お母様はそこまで苦手じゃないので比較的言いやすいですが………。

「ねーさま!おはよ!」
「エリー、おはよう」
「………( ;∀;)」

あ………。

「なんで私じゃダメなんだぁぁぁぁぁ」
「あっお父様!!」

叫びながら走り出すお父様。

「お父様!廊下は走ってはあぶな………」

ゴン!!

「何をしてるんですか当主様」
「いたいっ!なにするんだキリム!」
「廊下は走ってはいけません。子供ですかあなたは!」
「そんなことないもん!大人だもん!」
「うわぁー………」
「そんなに引くことかい!?」
「良い大人………しかも男がもんって………」
「そういう決めつけが世の中を悪くするんだ!!」
「カッコいいこといってるみたいに言われても顔で台無しですからね!?」

確かに顔が涙と鼻水でぐしゃぐしゃすぎて………汚い。

「娘にも嫌われてる気がする!!」
「誰だってそうなりますよ!早く顔を洗ってきてください!!」
「(´・ω・`)」
「そんな顔してもダメですからね!?」
「………はい」

まぁ、なんだかんだと賑やかな日常です(苦笑)。

***

あの日以降私はユリアとして家族と仲良くしようと努力しています。
毎日食事には参加してますし、エリーと姉妹らしく敬語をはずすよう努力をしたり、お母様とお茶をしたり………とにかく頑張っているんです!
なのに………どうしてもお父様だけ上手くいかないんですよね………。
仲良くなるのって難しいです………。


「ねぇじいや。お父様と仲良くなるにはどうしたらいいと思う?」
「旦那様と………ですか?」
「うん。なんというか………前ほどに上手く会話ができないというか………」

本当にコミュニケーション能力皆無で申し訳ないです。

「無理に仲良くしようと考えずとも、お嬢様のペースでいいと思いますけどねぇ………」
「ですが………それだとまた逃げてしまいそうなので………」

「………お嬢様は旦那様がお嫌いですか?」

「………いいえ」

怖いと思ったときはあります。
でも、嫌いだとは思いません。
というより嫌いになれない………というのが正しいかもしれません。

「その気持ちがあれば大丈夫ですよ。

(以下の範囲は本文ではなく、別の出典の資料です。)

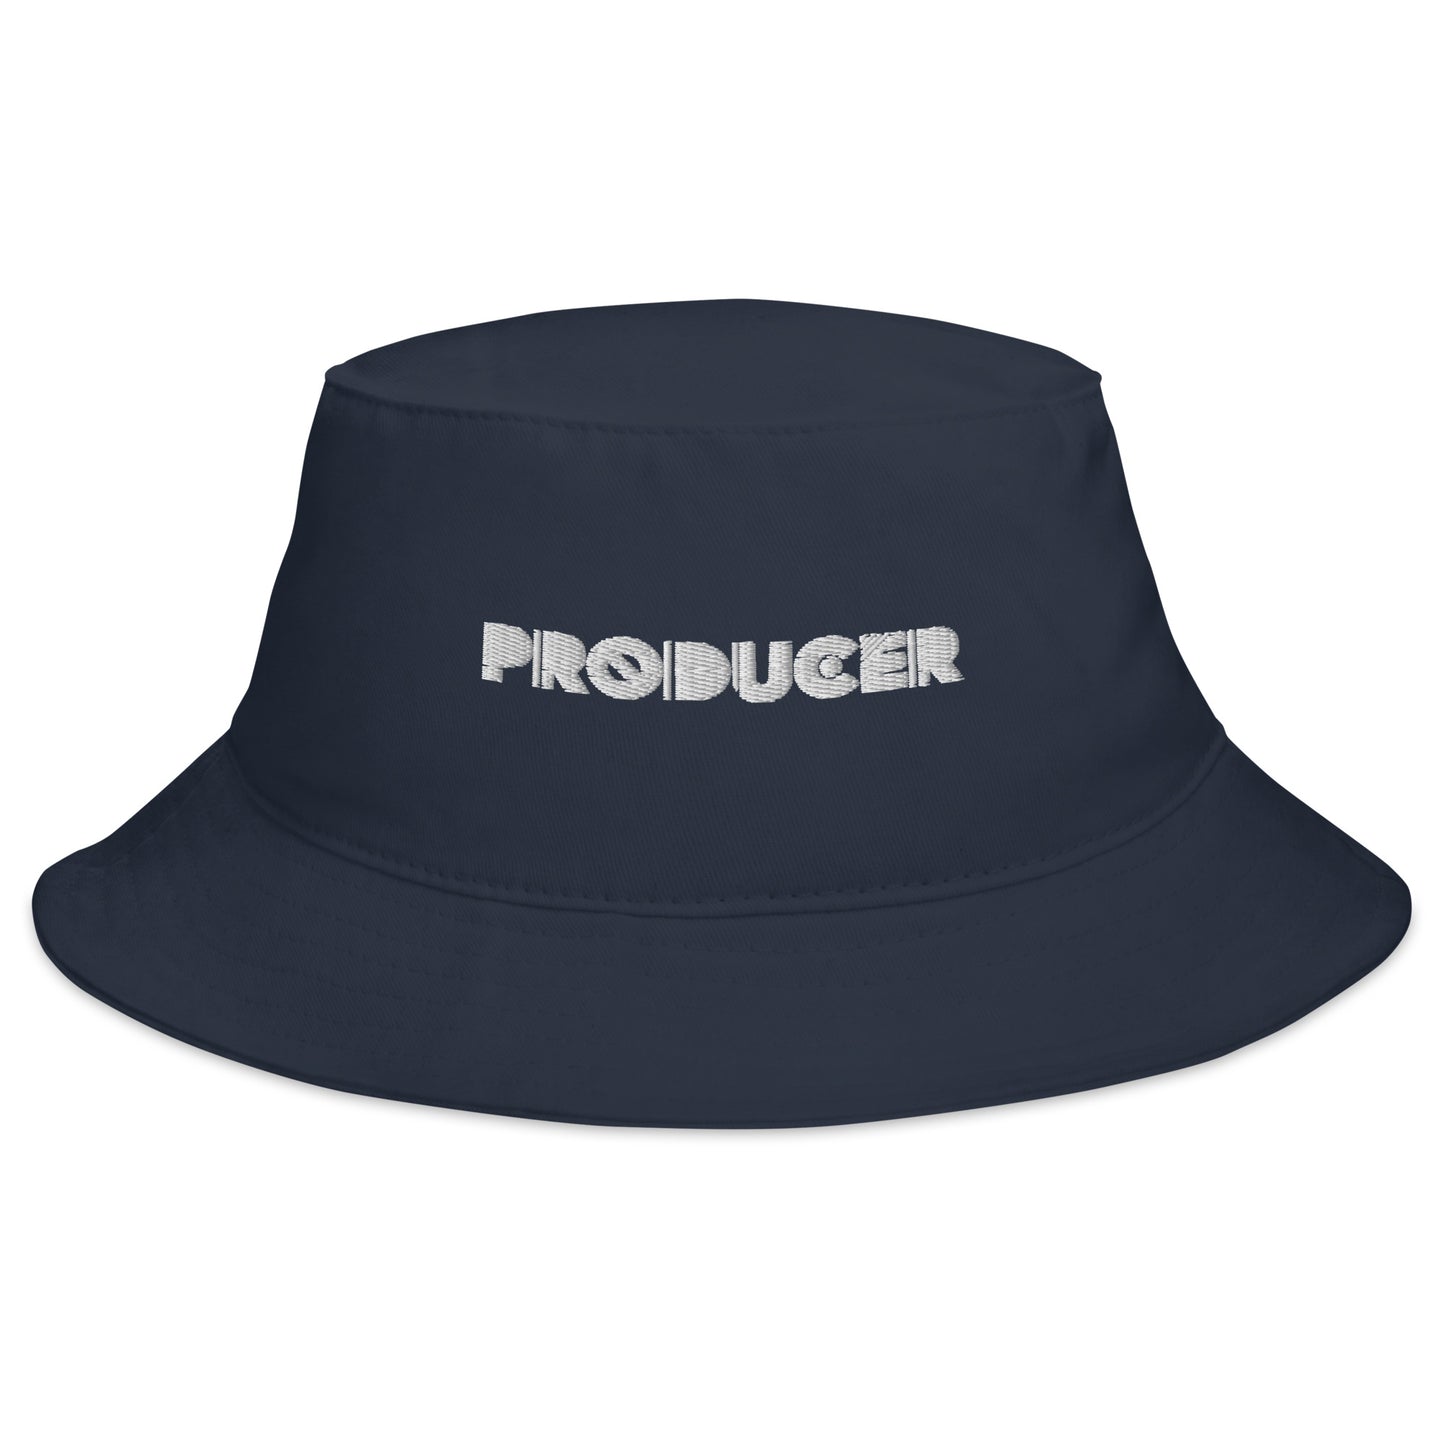 Producer Bucket Hat

ですがきっかけが欲しいのでしたらエイリアの日に贈り物をするというのはいかがでしょう?」
「エイリアの日………?」
「えぇ。この国の伝統的なお祭りです。女神イリア様に日頃の感謝と今後の縁を望むお祭りなんです。そのため、多くの者が大切な人にエイリアの花と共に感謝を贈る日で有名なんですよ」
「なるほど………確かにいいかも………!!ありがとう、じいや」
「いえいえ」
「さっそくいろいろ考えてみるわね!!」



***


「これがエイリアの花ですか………綺麗」

淡い黄色で花びらは五枚。
ユリのような厚みとひまわりのはなびらよりも広めな長い花びらが特徴。
儚くもどこか勇気をくれるようなそんな優しい花。
花言葉は………親愛。

「………」

そっと図鑑に描かれたエイリアを指で撫でる。
なぜかと言われてもそうしたくなったんです。

「とても………素敵な花です」

贈ろう。この花を。
私の大切な人たちに。
そして伝えたい。
数えきれない感謝と私の思いを。

「そうと決まったら行動ですね!」

そう意気込んで、私はそのための準備を始めるのでした………。

☆☆☆☆


お久しぶりです!長らくお待たせしてしまい大変申し訳ございません!
ちょっと風邪をこじらせてしまい………+結膜炎。
三日くらい死んでました………ごめんなさい。
3日間のブランクは大きかった………(泣)
一応今日から投稿再開いたします!
これからもよろしくお願いいたします!!

☆エイリアの日 解説
エイリアの日は父の日、母の日なんかを合わせたものだと考えていただければ!
モチーフはエイリアの花。
花を贈ったり、それをかたどったものを贈ったりするお祭りです。
家族、恋人、友人などが対象です。